Methods: RNA sequencing and real-time reverse transcription PCR (RT-PCR) were used to assess AQP1/3/4/5 gene expressions in LUAD patients using GEPIA and UALCAN databases. And then Kaplan–Meier analysis, cBioPortal, Metascape, GeneMANIA, TISIDB, and TIMER were utilized to determine the prognostic value, mutation frequency, and immune cell infiltration of AQP family members in LUAD.
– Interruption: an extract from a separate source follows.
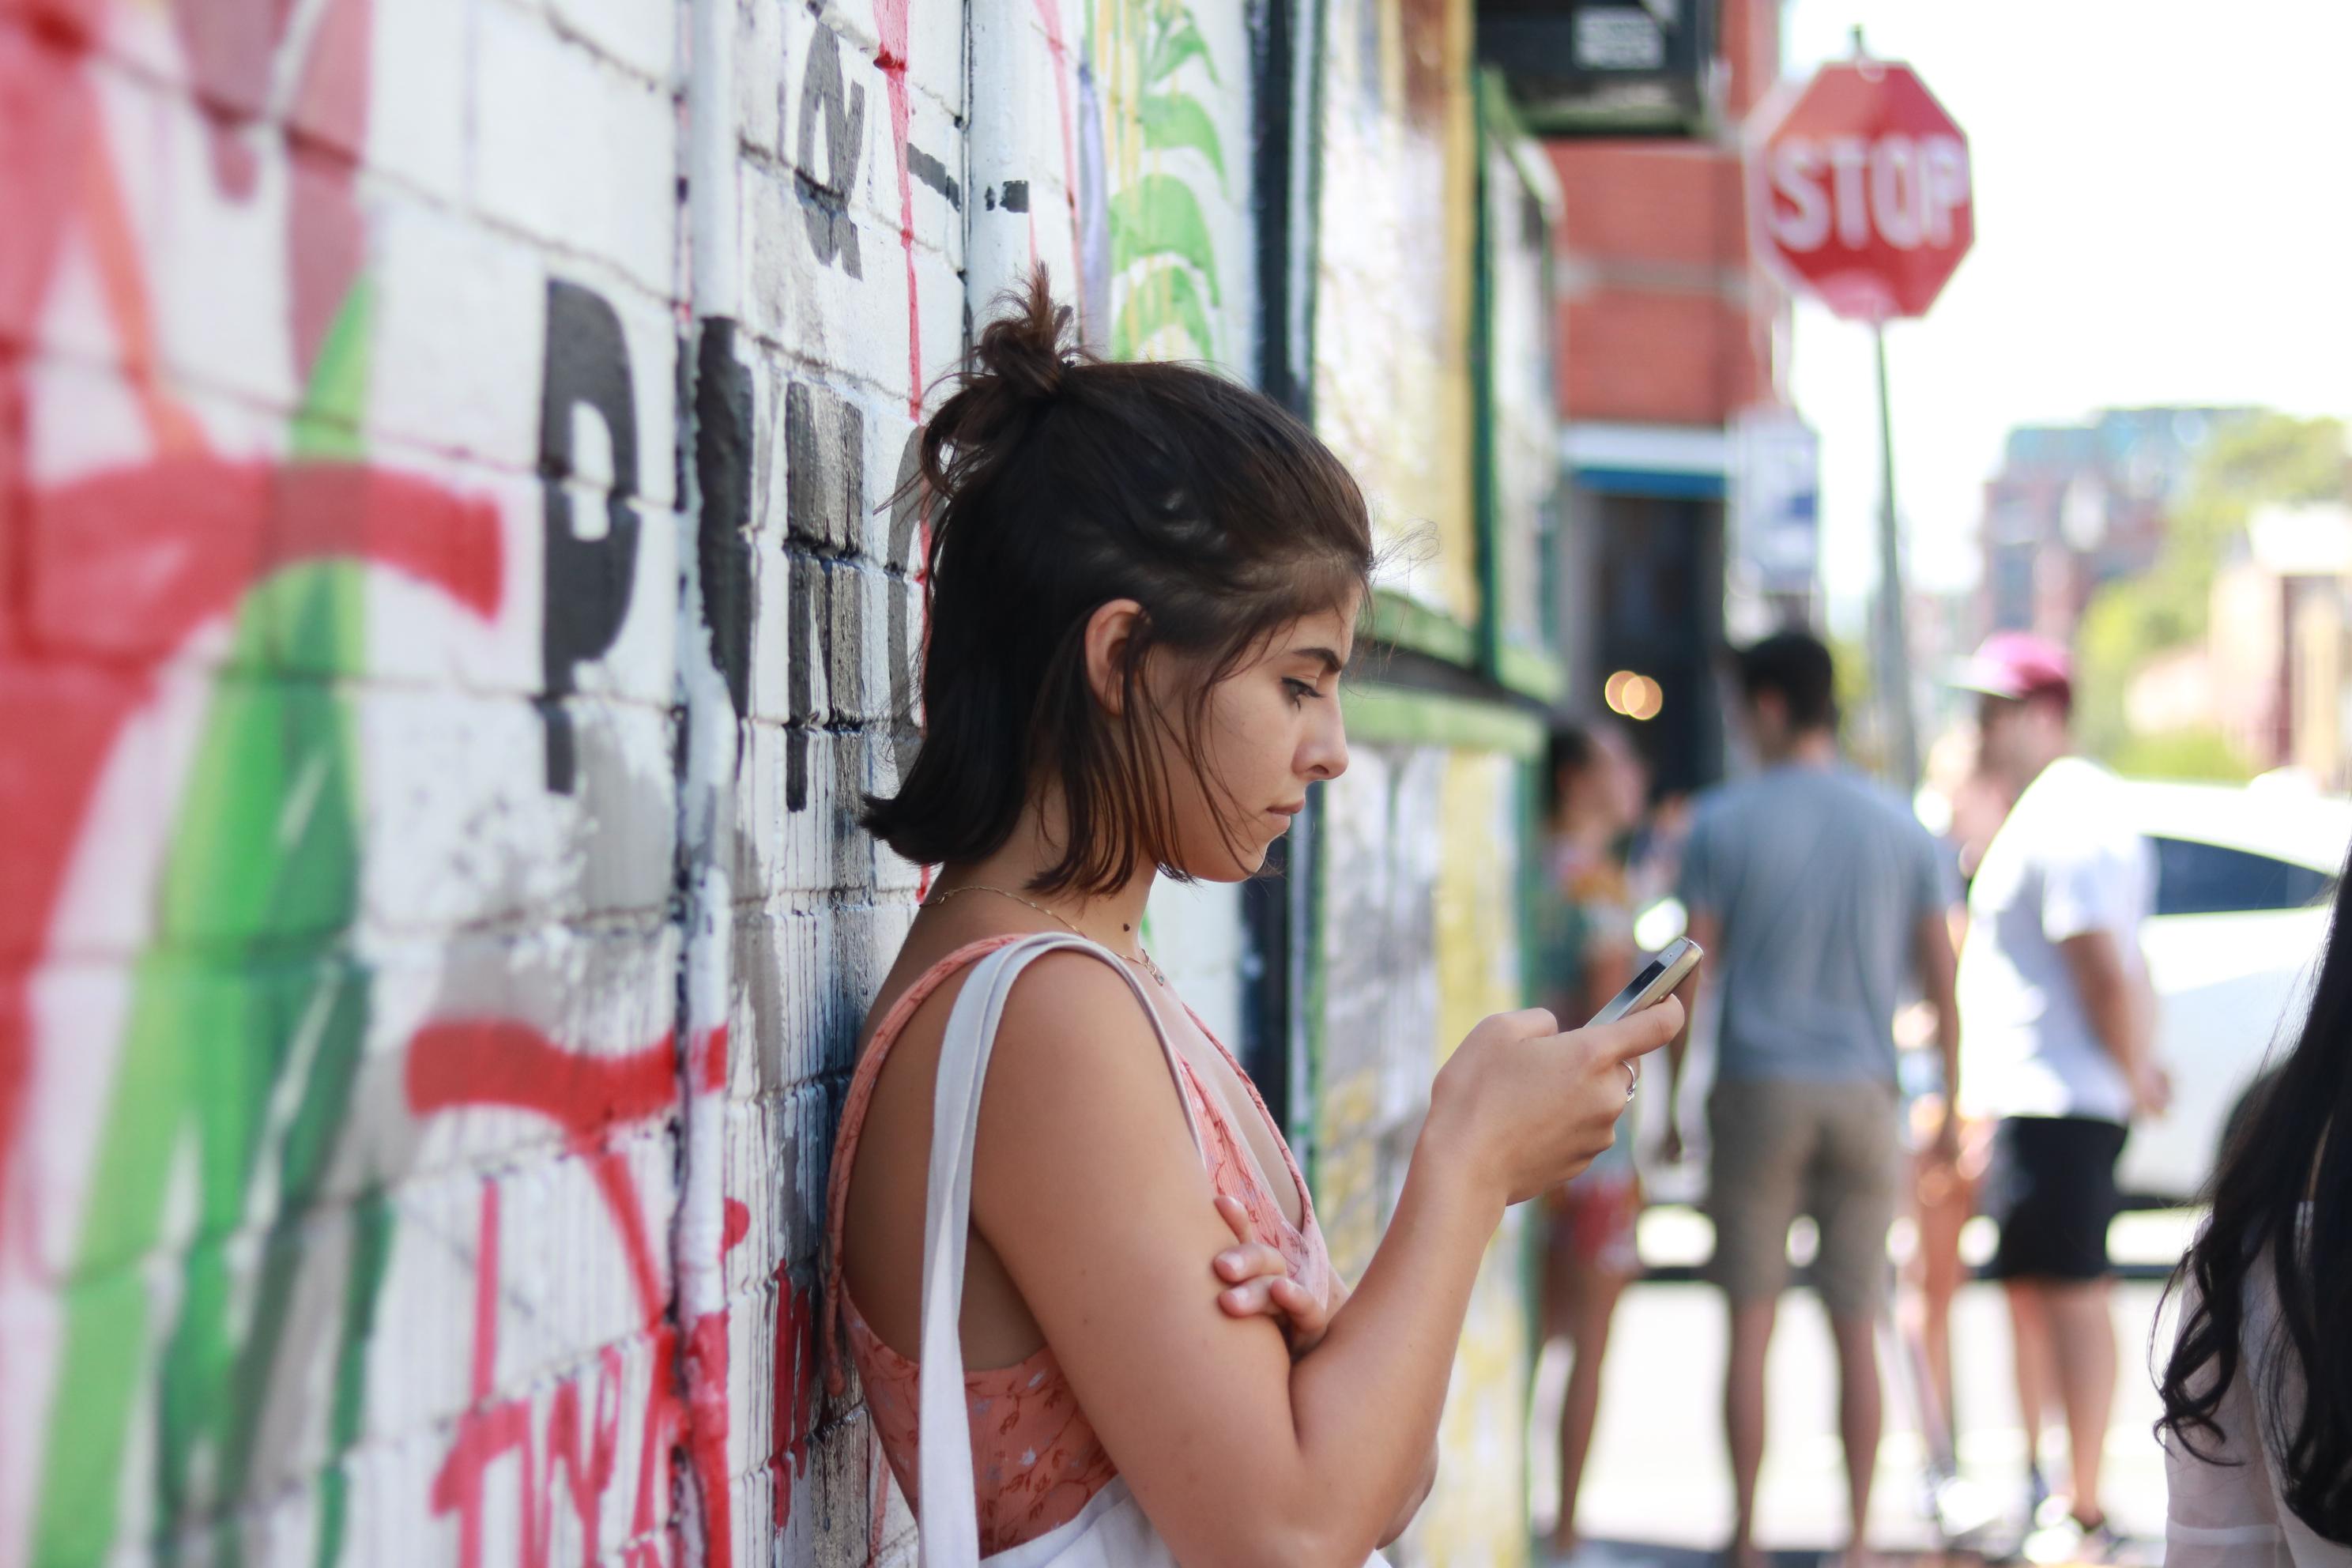 在附近的彩繪牆拍下的一個女孩滑手機等人的照片

Results: We found that AQP3 expression was significantly elevated and AQP1 expression was markedly reduced in LUAD patients, whereas the expression levels of AQP4 and AQP5 exhibited no significant changes. The Kaplan–Meier survival analysis indicated that the higher expressions of AQP1/4/5 were related to longer overall survival (OS). Of interest, AQP3 was significantly correlated with the clinical tumor stage and lower AQP3 expression showed favorable prognosis in stage I LUAD patients, which indicated that AQP3 may be a potential prognostic biomarker for patients. Through functional enrichment analysis, the functions of these four AQPs genes were mainly involved in the passive transport by aquaporins, water homeostasis, and protein tetramerization. Moreover, AQP1/3/4/5 expression was strongly associated with tumor-infiltrating lymphocytes (TILs) in LUAD.

Conclusion: AQP3 can be used as a prognosis and survival biomarker for stage I LUAD. These findings may provide novel insights into developing molecular targeted therapies in LUAD.